Auto1 Group, headquartered in Berlin, Germany, is a leading player in the European online car trading industry. Founded in 2012, the company has rapidly expanded its operations across major markets, including France, Italy, and Spain, establishing itself as a trusted platform for buying and selling used vehicles. Specialising in digital car sales, Auto1 Group offers a unique marketplace that connects dealers and private sellers, streamlining the transaction process. Their innovative approach includes a comprehensive inspection service and a transparent pricing model, setting them apart in a competitive landscape. With a strong market position, Auto1 Group has achieved significant milestones, including a successful IPO in 2021. Their commitment to quality and customer satisfaction has solidified their reputation as a go-to destination for automotive transactions in Europe.
How does Auto1's carbon action stack up? DitchCarbon scores companies based on their carbon action and commitment to reducing emissions. Read about our methodology to learn more.
Mean score of companies in the Fuel Retail industry. Comparing a company's score to the industry average can give you a sense of how well the company is doing compared to its peers.
Auto1's score of 27 is higher than 55% of the industry. This can give you a sense of how well the company is doing compared to its peers.
In 2024, Auto1 reported total carbon emissions of approximately 8,661,000 kg CO2e from Scope 1 and 3,744,000 kg CO2e from Scope 2. This marks a significant increase in emissions compared to 2023, where total emissions were about 235,565,000 kg CO2e, with Scope 1 emissions at approximately 7,886,000 kg CO2e, Scope 2 at 448,000 kg CO2e, and Scope 3 emissions at around 227,232,000 kg CO2e. Over the years, Auto1 has shown fluctuations in its emissions profile. For instance, in 2022, total emissions were about 293,334,000 kg CO2e, with Scope 1 emissions at approximately 7,018,000 kg CO2e and Scope 2 at 312,000 kg CO2e. The company has not set specific reduction targets or initiatives as part of its climate commitments, and there are no emissions data cascaded from a parent organization. Auto1's emissions data reflects its operational impact, with a notable reliance on Scope 3 emissions, which accounted for the majority of its carbon footprint in previous years.

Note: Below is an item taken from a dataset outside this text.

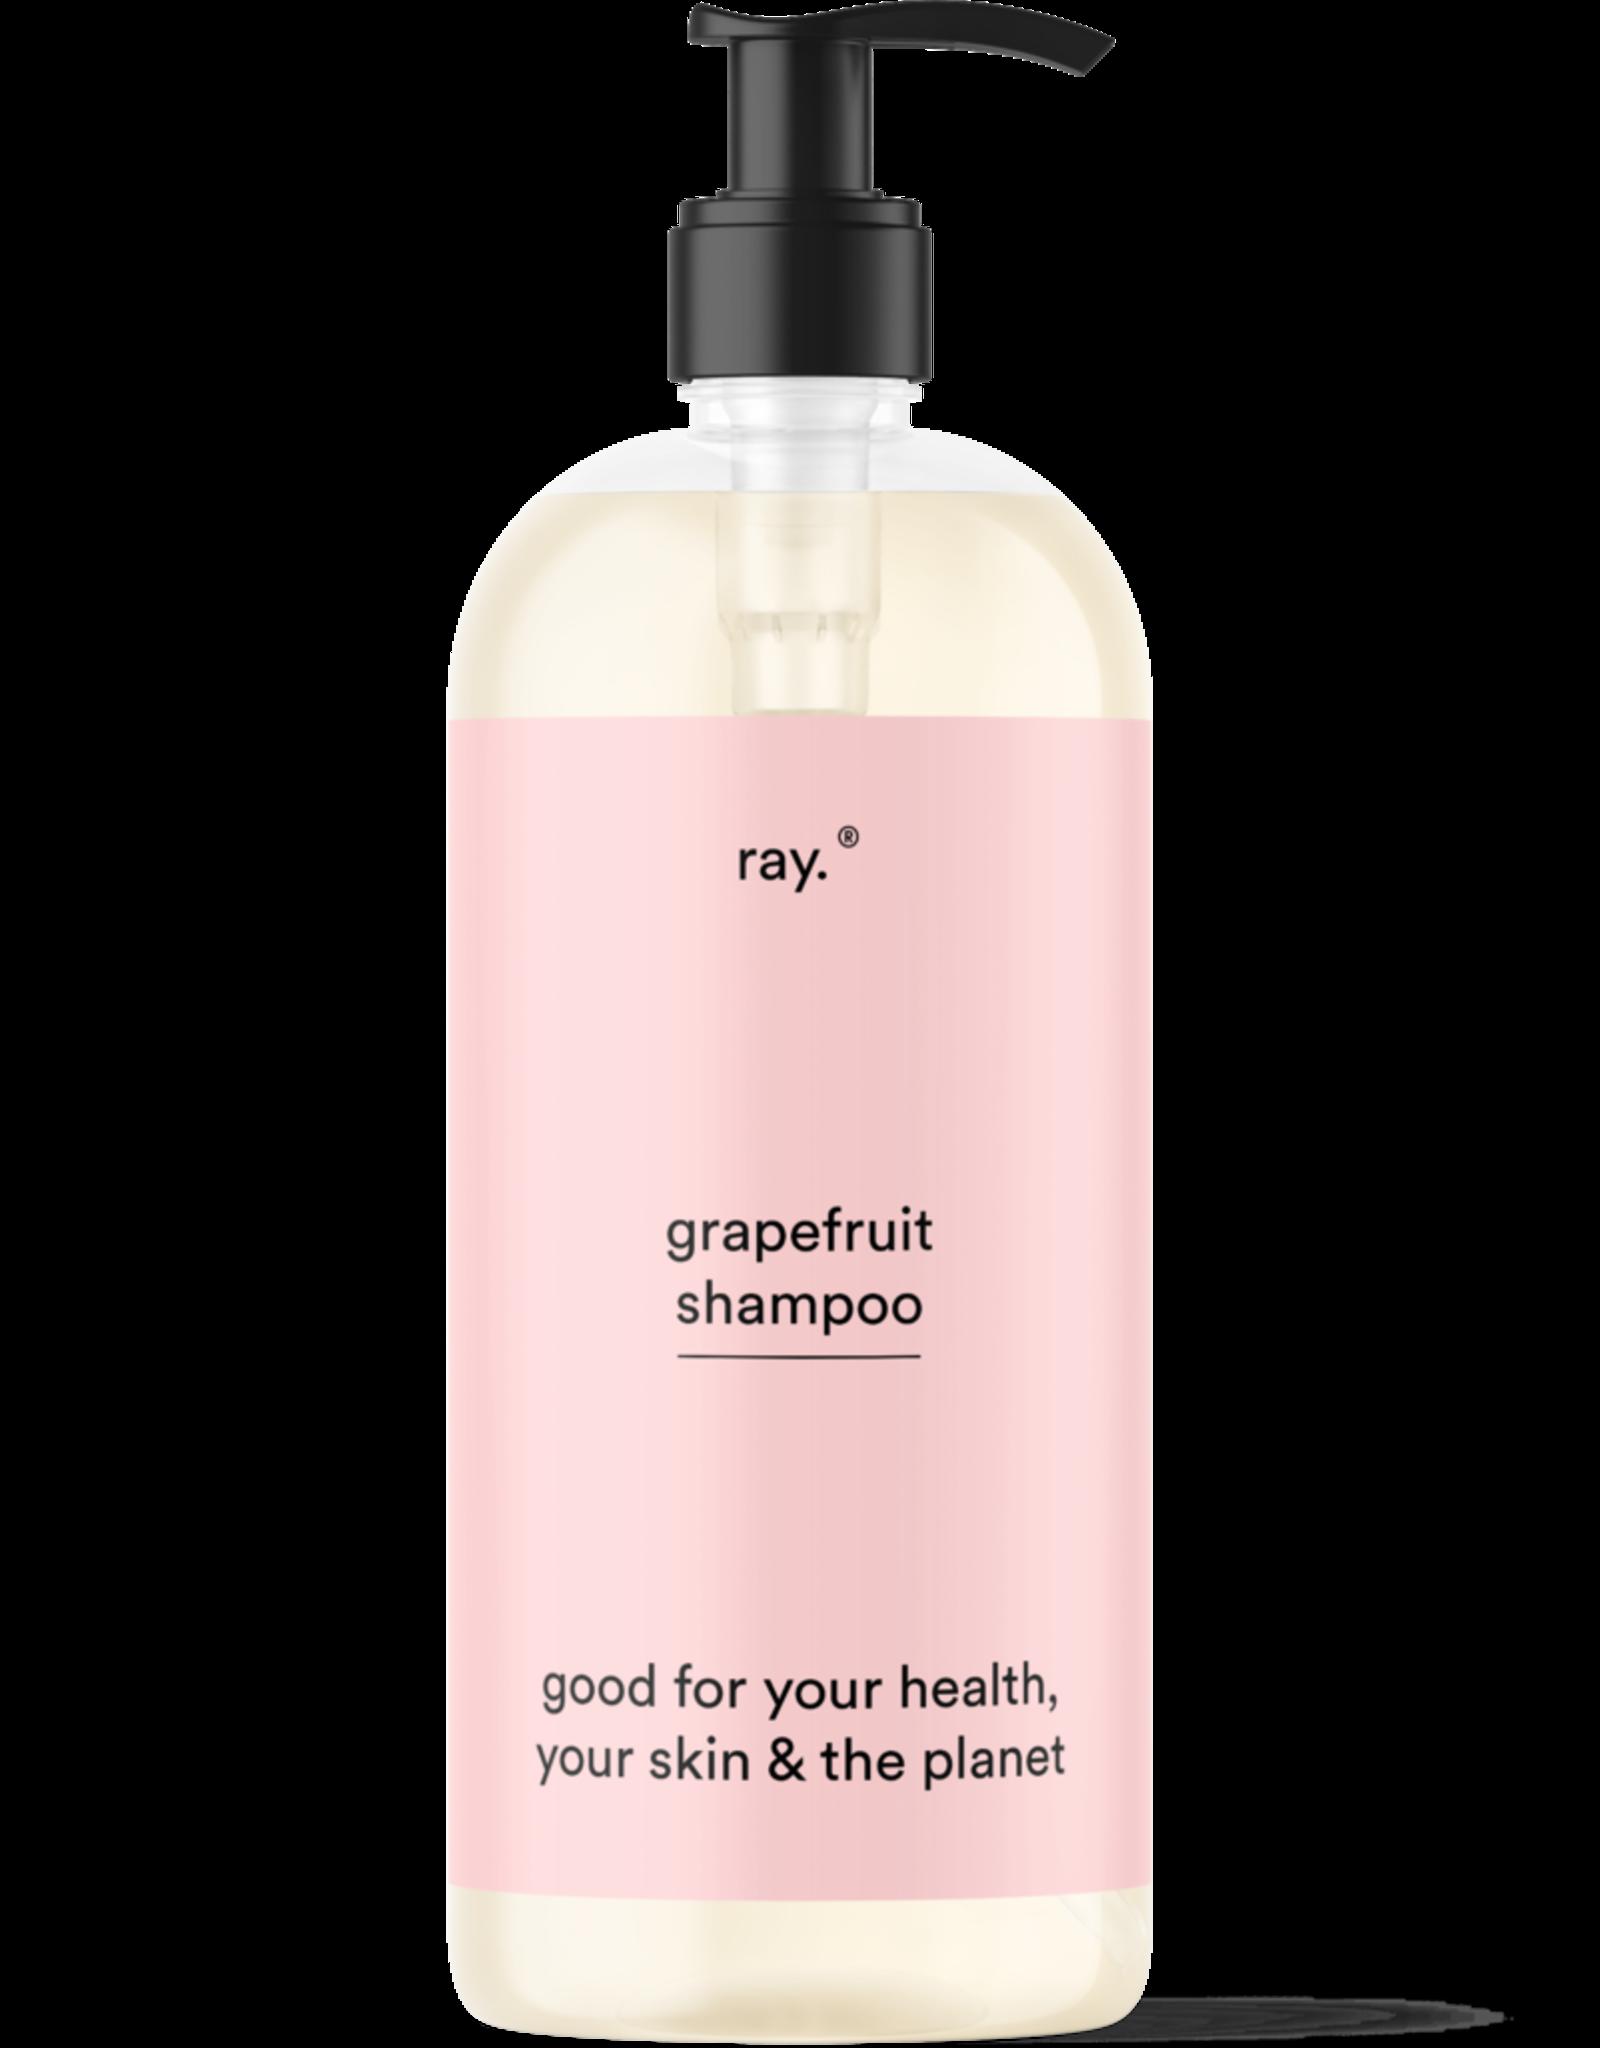 ray Shampoo - 500ml - Grapefruit

The company continues to monitor its emissions but has yet to establish formal reduction targets or initiatives to mitigate its environmental impact.
Access structured emissions data, company-specific emission factors, and source documents
| 2019 | 2020 | 2021 | 2022 | 2023 | 2024 | |
|---|---|---|---|---|---|---|
| Scope 1 | 2,278,000 | 0,000,000 | 0,000,000 | 0,000,000 | 0,000,000 | 0,000,000 |
| Scope 2 | 222,000 | 000,000 | 000,000 | 000,000 | 000,000 | 0,000,000 |
| Scope 3 | 158,095,000 | 000,000,000 | 000,000,000 | 000,000,000 | 000,000,000 | - |
Auto1's Scope 3 emissions, which decreased by 21% last year and increased by approximately 44% since 2019, demonstrating supply chain emissions tracking. Nearly all of their carbon footprint comes from suppliers and value chain emissions, representing nearly all emissions under the GHG Protocol, with detailed category breakdown helping identify key emission sources across their value chain.
Climate goals typically focus on 2030 interim targets and 2050 net-zero commitments, aligned with global frameworks like the Paris Agreement and Science Based Targets initiative (SBTi) to ensure alignment with global climate goals.
Auto1 has not publicly committed to specific 2030 or 2050 climate goals through the major frameworks we track. Companies often set interim 2030 targets and long-term 2050 net-zero goals to demonstrate measurable progress toward decarbonization.